For his second solo show at Copperfield, Ty Locke gives a first impression reminiscent of an auction presentation at a bankrupt stately home. Chandeliers hang over suits of armour, but these remnants are not enough to make a home and their materiality betrays them. From cigarette filters to Poundland party platters, the works are fabricated from cheap, readily-available items but through intensive labour. As the closest thing Locke has to an heirloom is an addiction to nicotine, he set about making his own, with 20,000 threaded filters hanging over the scene in the form of a chandelier and a rizla paper echo of an antique carpet below.
Family, memory, class and coming of age have preoccupied the artist in developing the exhibition, as he began to see art school friends inheriting legacies, nest eggs and memorabilia. In the absence of real heirlooms Locke reflects that, when collected, these works might eventually become someone else’s real inheritance, consistent with the wry sense of humour that has helped him laugh his way through a complicated childhood.
Bulging photo albums echo nostalgic picture frames stacked on the floor containing the same absurd, repeating image and surrounded by cardboard packing boxes. The boxes wait to be filled with these aspirational objects, or perhaps we have caught someone mid-pack, preparing to move home. They are littered with shipping labels referencing some of Ty’s twenty childhood addresses. As the child of a single mother with seven children, Ty’s family was often at the top of the council house waiting list, resulting in a constant state of uncertain but exciting transition, bouncing across Kent until Ty eventually relocated to London to pursue art.
Locke’s first job was a party host at a children’s play centre ‘The Big Fun House’ where he honed his ability to play the clown. In returning to that time, he found a material for his suits of armour that offers about as much protection as his self-deprecating humour. The Poundland party platters meant for crisps and cupcakes, are here transformed into gauntlets and vambraces projecting from the walls. Hand embossed into these surfaces are copies of real tattoos inked into the arms and legs of Locke's family, acknowledging that tattoos have long been to working class people what heraldry was to the privileged: A mark of belonging and of protection by association and intimidation.
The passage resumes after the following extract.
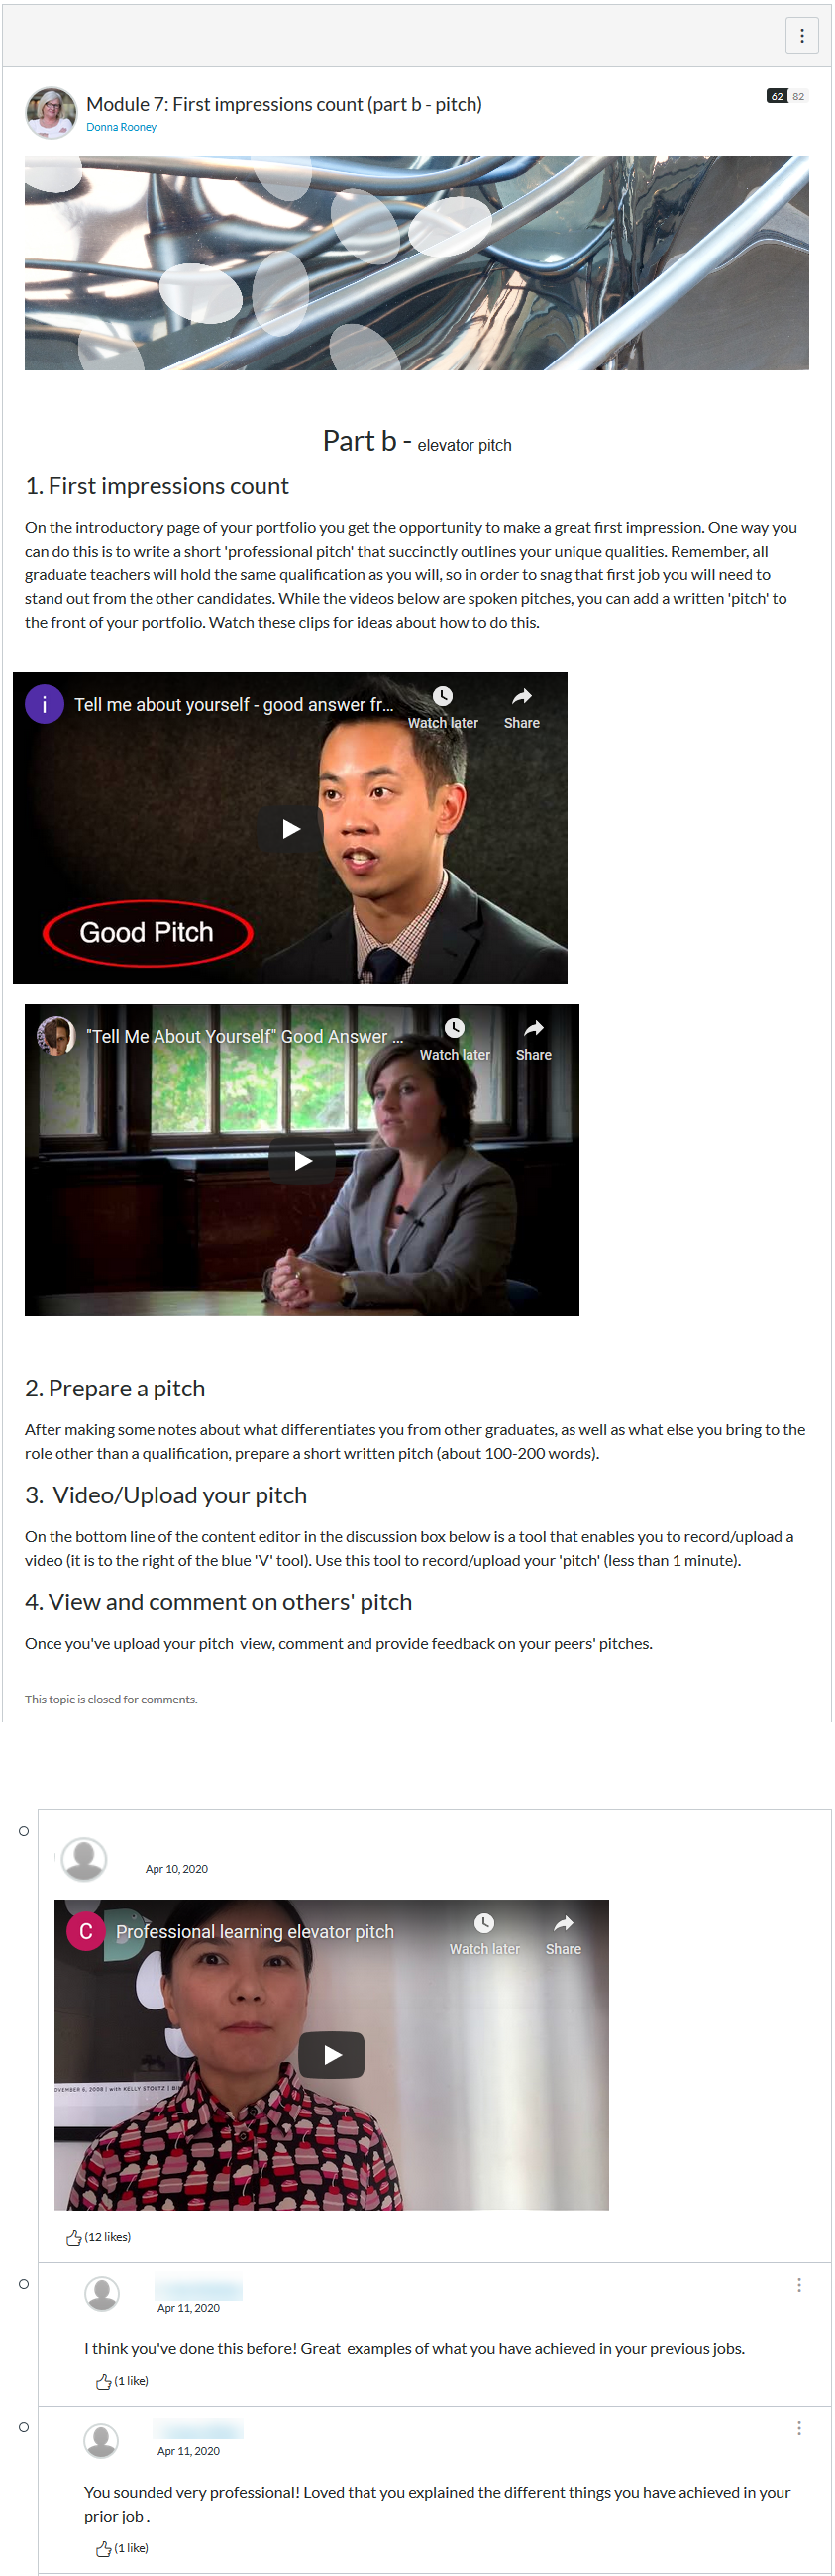 An elevator pitch activity set within a Canvas module. Context and instructions are given for students to create their own pitch which they can upload to on the bottom of the page.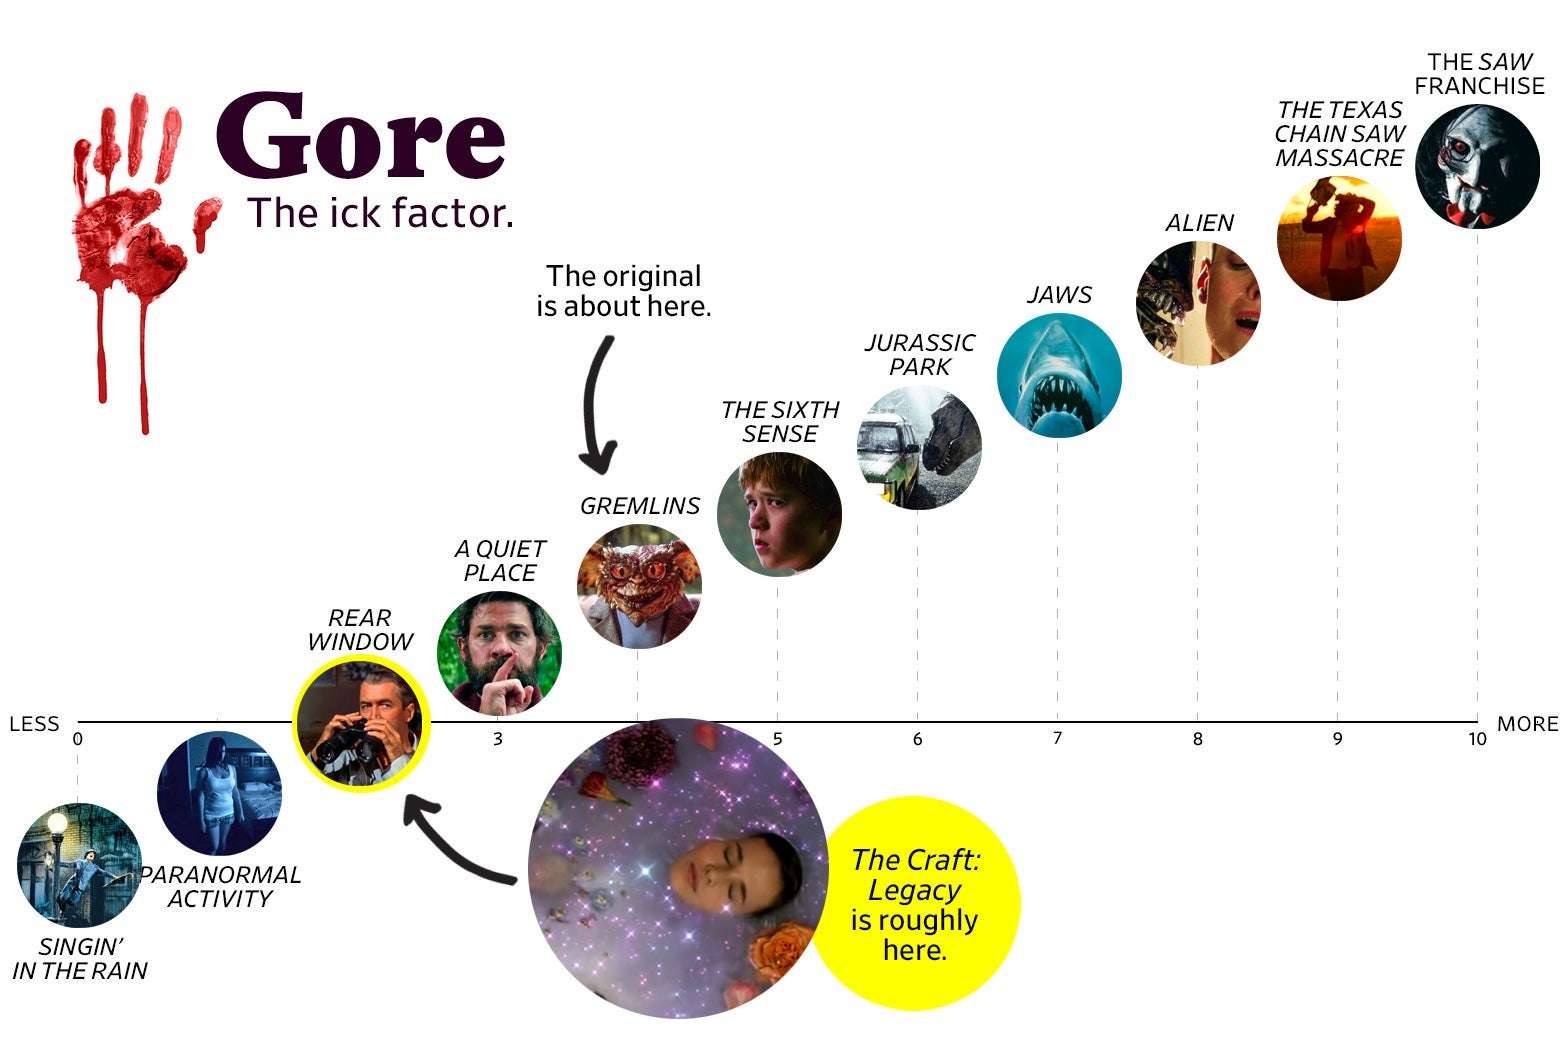 A chart titled “Gore: the Ick Factor” shows that The Craft: Legacy ranks a 2 in goriness, roughly the same as Rear Window, while the original ranks a 4, roughly the same as Gremlins. The scale ranges from Singin’ in the Rain (0) to the Saw franchise (10).

Across the space from this wall of armour that reads like a gang of flexing biceps, glistening shoulder to shoulder is a counter to all that hyper masculinity. While family and circumstance are a big part of growing up, finding our own identities and sexuality is pivotal. Serving Camp, a last pair of limp-wristed and intricately jointed gauntlets with fake drag nails moulded into the end of each finger. The limpness of the wrist is met with the aggression and sharpness of these nails that become claws, heightening the campness of this deep red velvet wall peeling away at the edges.
Memory and nostalgia are an inescapable part of aging tied to many physical and visual triggers. Despite a recurring drug addiction, Locke’s mother wrote her children poems, caring letters, took many pictures and introduced them to humour in her lighter moments. This weight of emotion and interpersonal tension is drawn out across the exhibition, but in particular in works like Good Intentions, which recall the last remnants of his mother’s half forgotten, half lost poem as it fades into the threads of a net curtain. A childhood passed. Helping to illuminate this scene are modified “Tiffany-style” stained glass lamps. The workmanship of what look like prized lamps has been carefully undone and re-configured in the latest of the artist's co-dependent series of dysfunctional objects. As their glass shards interlock and embrace, one lamp stands while the other is limp, in desperate need of support.